Села на этом пути были богатые, большие. Постоялые дворы — так впору боярину жить, а насчет угощения, так разве птичьего молока только да рыбьих яиц нет, а то чего душа хочет, того и просит, да к этому приправа — ласковые речи да взгляды молодой хозяйки. А в пути ароматные, благоухающие ночи, залитые серебряной луной. В лесу тишь таинственная, и разливается оттуда нега, а впереди дорога, дорога скатертью в бесконечную даль.
— Эх, вы, соколы, выноси!
И мчится тройка к приветному огоньку постоялого двора, а, заслышав бубенцы, хозяйка уже стоит на крыльце со свечой в руке и приветствует:
— Пожалуйте, соколы, милости просим!..
По этой же Владимирке тянулись один за другим большие обозы с товаром, тянулись почти непрерывной цепью. У этих были свои «стоянки». Эти двигались степенно, не спеша, хотя даром времени не теряли и поспевали к сроку доставить на ярмарку товар. Немало разъезжало по этой дороге и любителей легкой наживы, но им здорово влетало, и они утекали в свое гнездо не солоно хлебавши.
Веселая была дорожка Владимирка, на многое насмотрелась.
После Новой деревни сейчас же, почти примыкая к ней, находится Всесвятский девичий монастырь новоблагословенного согласия, то есть старообрядческий, но приемлющий священство от господствующей церкви. Монастырь этот выглядел тогда как-то сиротливо. Большое его пространство не было даже обнесено забором, а только окопано невысоким валиком, и все его кладбище в рощице было на виду. Только в сторону шоссе была невысокая каменная ограда.

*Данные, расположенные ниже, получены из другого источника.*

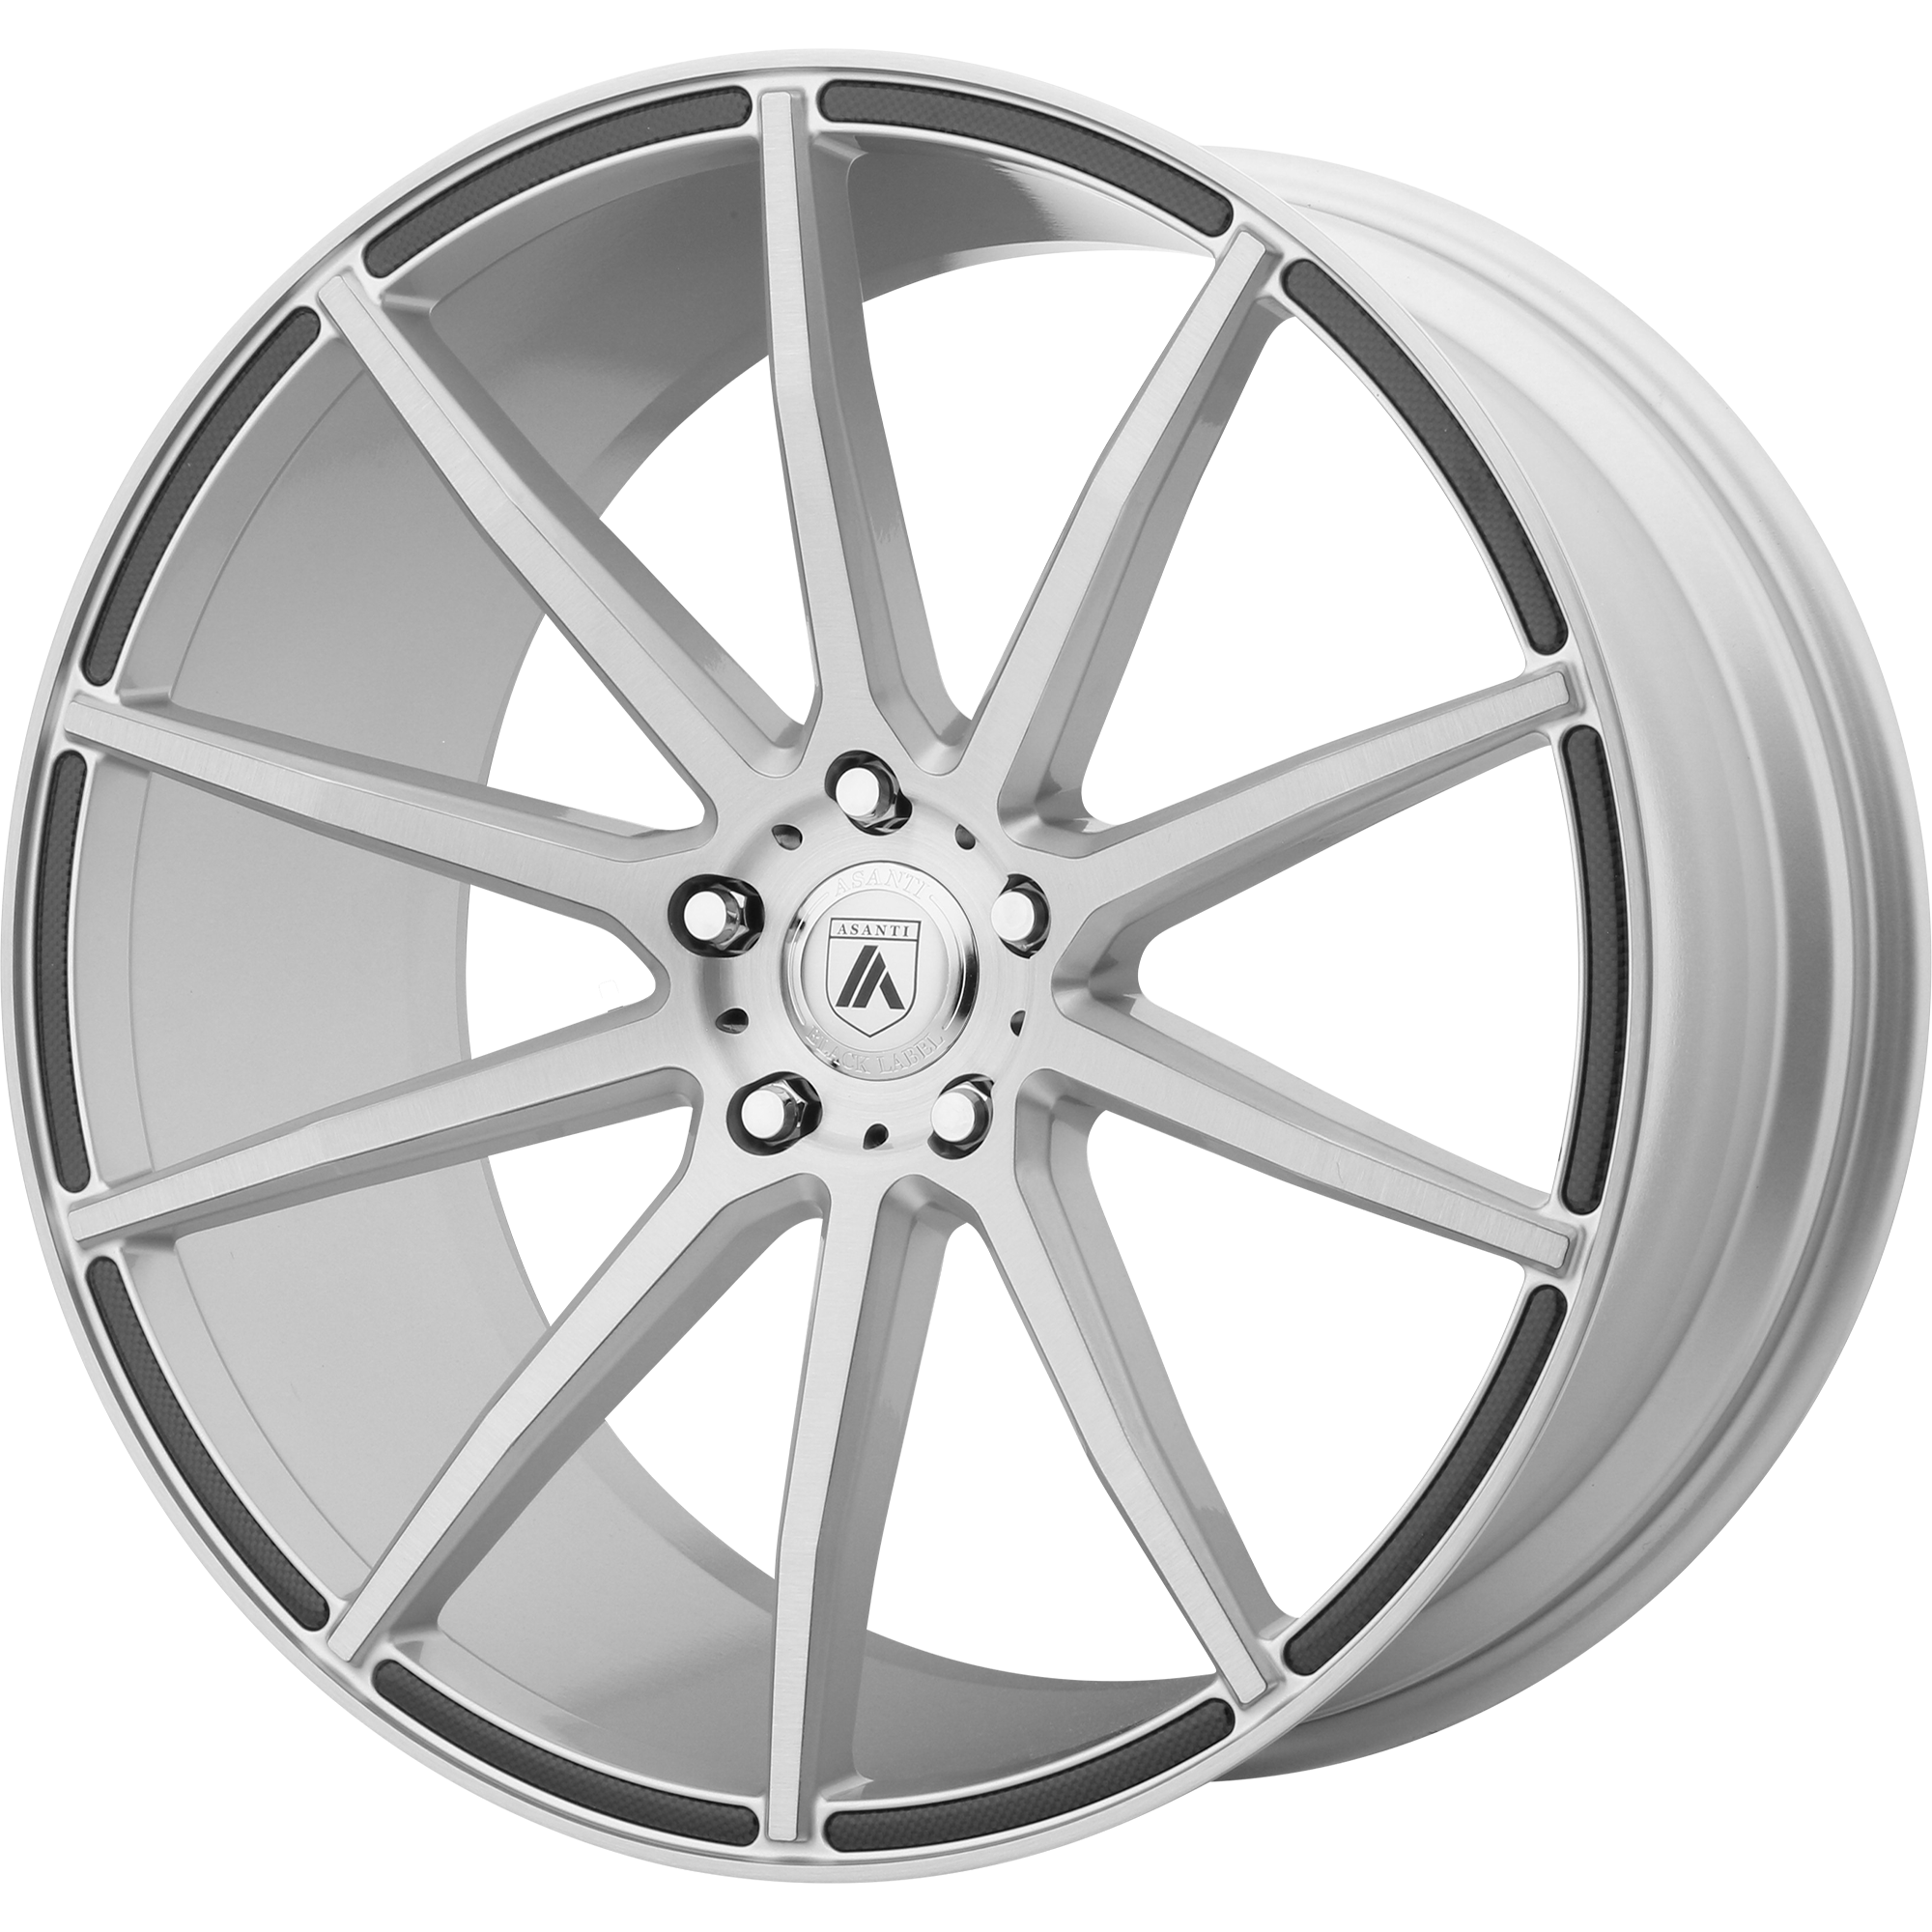 ARIES 20x8.5 5x112.00 BRUSHED SILVER (38 mm) - Tires and Engine Performance
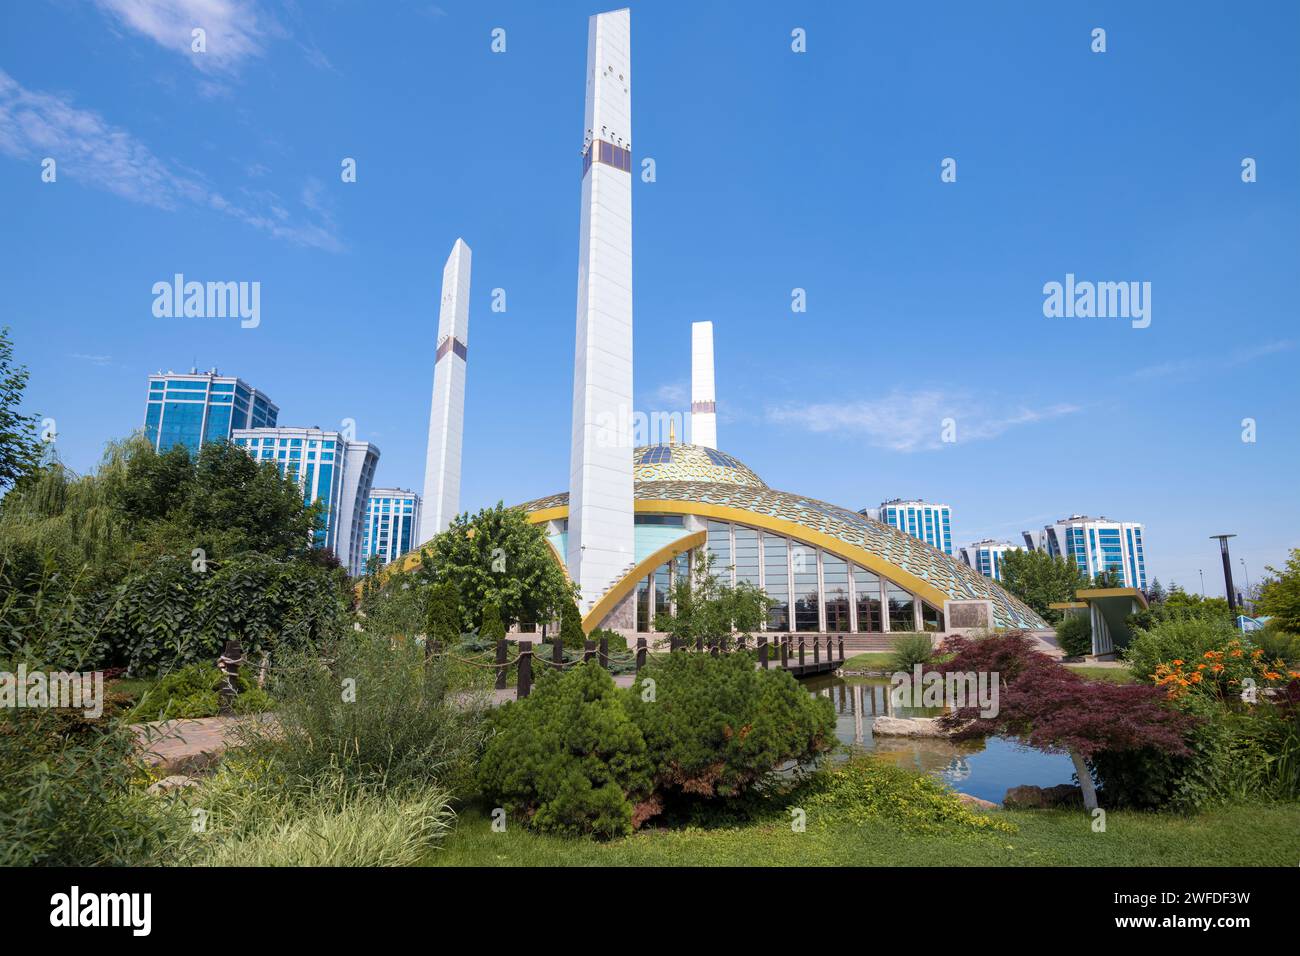 ARGUN, RUSSIA - JUNE 14, 2023: Sunny June day at the Mother's Heart mosque Stock Photo

Напротив его, на Рязанском тракте, находится знаменитое Рогожское кладбище, но о нем скажу, когда буду говорить о Покровской заставе и Рязанском тракте.
За Новоблагословенным кладбищем находилась сосновая роща в восемьдесят десятин, насаженная крестьянами вельмож двора императрицы Анны Иоанновны, по ее желанию иметь здесь рощу, целыми деревьями в одну ночь. Роща эта называется Анненгофскою.
В то время, о котором я говорю, она была заброшена, и в нее сваливалась всякая дрянь. Около нее, ближе к шоссе, находилась военная лаборатория, — попросту, «Полевой двор», или «лаборатория». Сзади лаборатории протекает речка Синичка; около нее, в небольшой рощице, дачка графа Шамборан, или, как выговаривали мужики, «дача Шантрана». За речкой Синичкой — поле, а далее превосходный лес — «Измайловский зверинец», который, начинаясь здесь, уходит к Сокольникам, а вдоль тракта, но в сторону от него, он тянется с перерывами вплоть до «Лосиного завода», верст около тридцати пяти.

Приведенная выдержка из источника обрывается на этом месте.